Aoxing Pharmaceutical Company Inc. Updates on Joint Venture Progress with Johnson Matthey Pharma Services

NEW YORK, NY--(Marketwire - October 26, 2010) - Aoxing Pharmaceutical (NYSE Amex: AXN) (“Aoxing Pharma”), a specialty pharmaceutical company focusing on research, development, manufacturing and distribution of narcotic and pain-management products, today announced updates on the progress of Hebei Aoxing API Pharmaceutical Company, Ltd, the joint venture between Aoxing Pharma and Johnson Matthey Plc. The chemical synthesis laboratories and pilot-manufacturing plant recently passed the GMP inspection of the China State Food and Drug Administration (SFDA).

Aoxing Pharma has recently completed construction on the dedicated newly renovated facility for the joint venture, which focuses on research, development, manufacturing and marketing of active pharmaceutical ingredients (“API’) of narcotics and neurological drugs for the China market. Full GMP certification from the China SFDA and a pharmaceutical business license is expected by year-end 2010.

“We are very pleased with the substantial progress that has been achieved by the joint venture that was created in April 2010 which paves the way for receiving GMP certification by the China SFDA by December 2010,” said Mr. Zhenjiang Yue, Chairman and CEO of Aoxing Pharma. “This is an important milestone for both Aoxing Pharma and Johnson Matthey Plc. We were pleased to recently welcome senior executives from Johnson Mattey to the newly renovated facility and look forward to starting chemical synthesis and manufacturing in 2011.”

About Hebei Aoxing API Pharmaceutical Company, Ltd

The joint venture represents a significant new opportunity for both Aoxing Pharma and Johnson Matthey Plc. to expand their business in the rapidly growing pharmaceutical market in China.
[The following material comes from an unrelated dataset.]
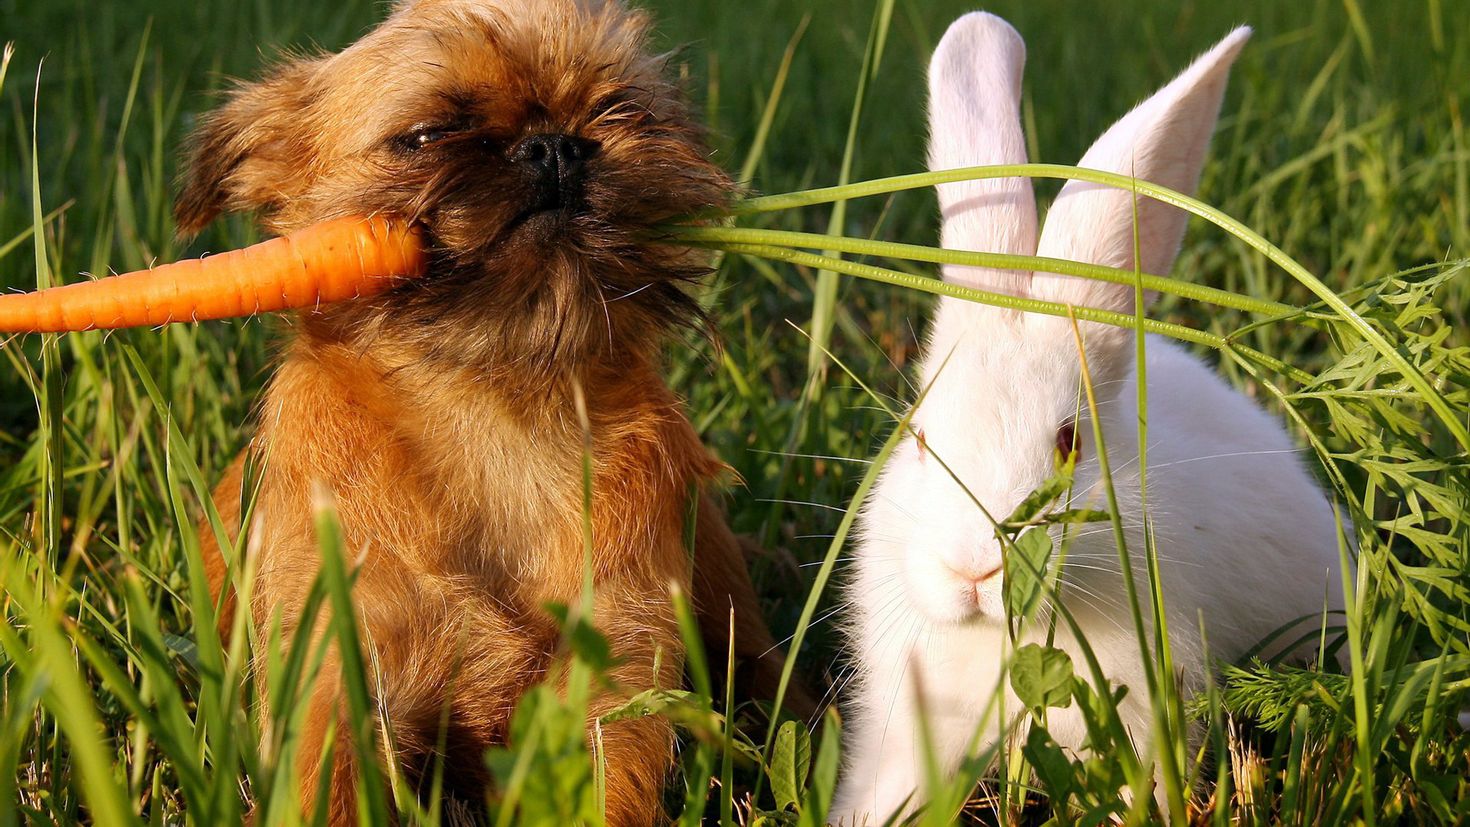 Кролик и собака

Under the terms of the agreement, Macfarlan Smith Ltd, a wholly owned subsidiary of Johnson Matthey Plc., headquartered in the United Kingdom, contributes technology expertise and capital to the joint venture. Hebei Aoxing Pharmaceutical Group Company, Ltd. (“Hebei Aoxing”), the operating subsidiary of Aoxing Pharma, contributes capital, fixed assets and related API manufacturing licenses. The joint venture company is called Hebei Aoxing API Pharmaceutical Company, Ltd. Hebei Aoxing has a 51% stake in the Company, while Macfarlan Smith (Hong Kong) Ltd, (a wholly owned subsidiary of Johnson Matthey Pacific Ltd), holds 49%. Each company has equal representation on a board of directors that oversee a management team responsible for corporate strategies and operations.

The new joint venture is located on the Hebei Aoxing campus in Xinle City, 200 kilometers southwest of Beijing. The total capital investment is projected to be approximately $15 million during the first five years. It will initially develop eight narcotic API products for the China market but its product range could potentially exceed 30 products.
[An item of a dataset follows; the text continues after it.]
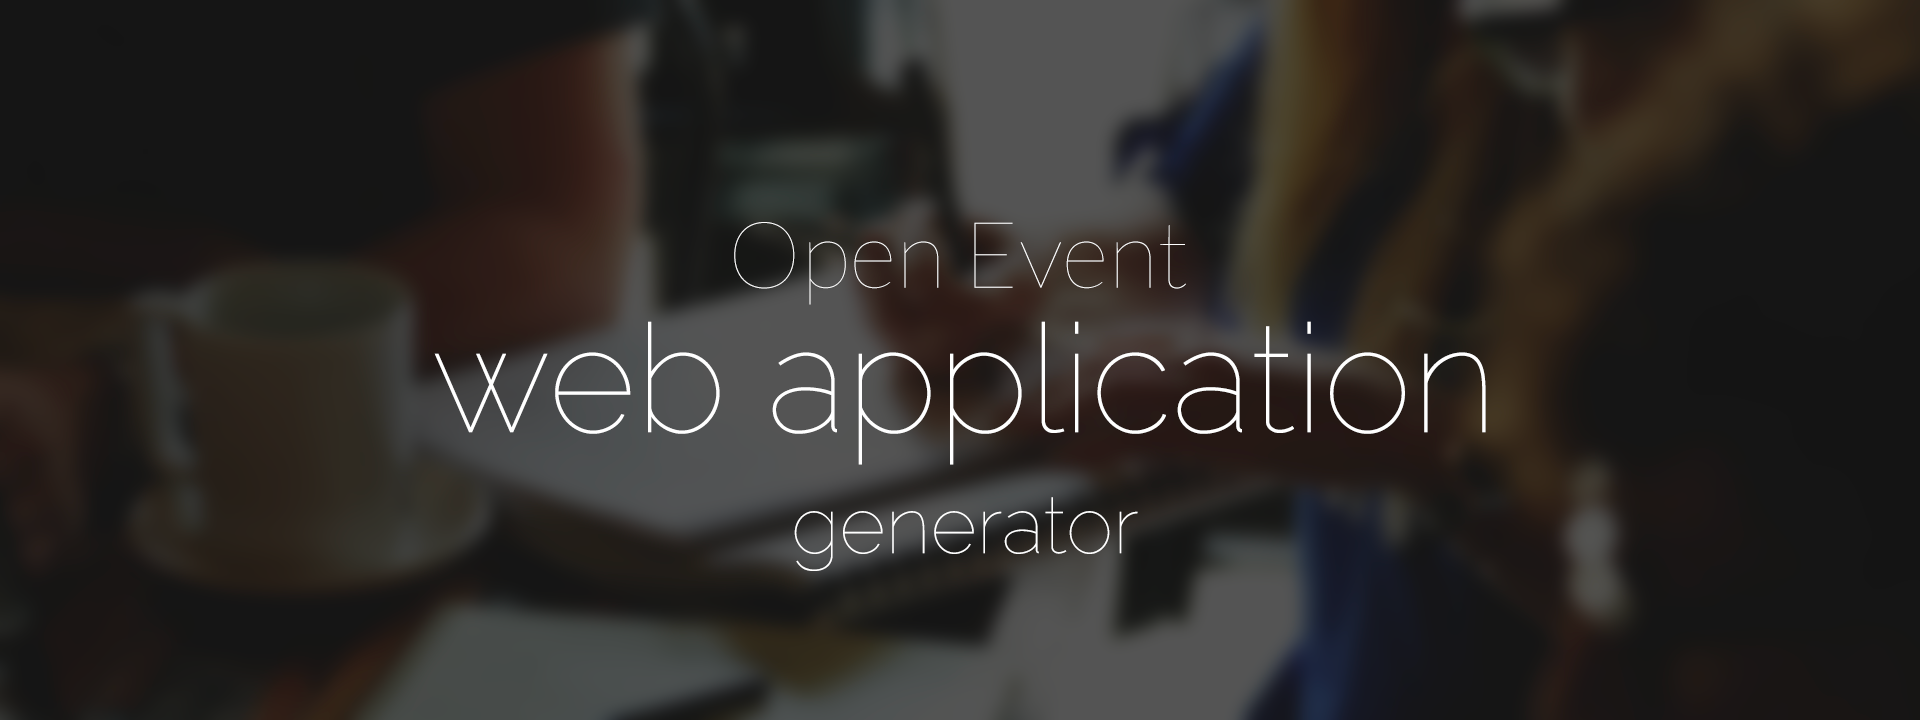 Open Event webapp

About Aoxing Pharmaceutical Company, Inc.

Aoxing Pharmaceutical Company, Inc. is a US incorporated specialty pharmaceutical company with its operations in China, specializing in research, development, manufacturing and distribution of a variety of narcotics and pain-management products. Headquartered in Shijiazhuang City, outside Beijing, Aoxing has the largest and most advanced manufacturing facility in China for highly regulated narcotic medicines. Its facility is one of the few GMP facilities licensed for the manufacture of narcotic medicines by the China State Food and Drug Administration (SFDA). It has a joint venture collaboration with Johnson Matthey Plc. to produce and market narcotics and neurological drugs in China. It also has a strategic alliance partnership with QRxPharma, Phoenix PharmaLabs, Inc. and American Oriental Bioengineering, Inc. For more information, please visit: www.aoxingpharma.com.

Safe Harbor Statement from Aoxing Pharmaceutical Company, Inc.

Statements made in this press release are forward-looking and are made pursuant to the safe harbor provisions of the Securities Litigation Reform Act of 1995. Such statements involve risks and uncertainties that may cause actual results to differ materially from those set forth in these statements. The economic, competitive, governmental, technological and other risk factors identified in the Company’s filings with the Securities and Exchange Commission, including the Form 10-K for the year ended June 30, 2010, may cause actual results or events to differ materially from those described in the forward looking statements in this press release. The Company undertakes no obligation to publicly update or revise any forward-looking statements, whether because of new information, future events, or otherwise.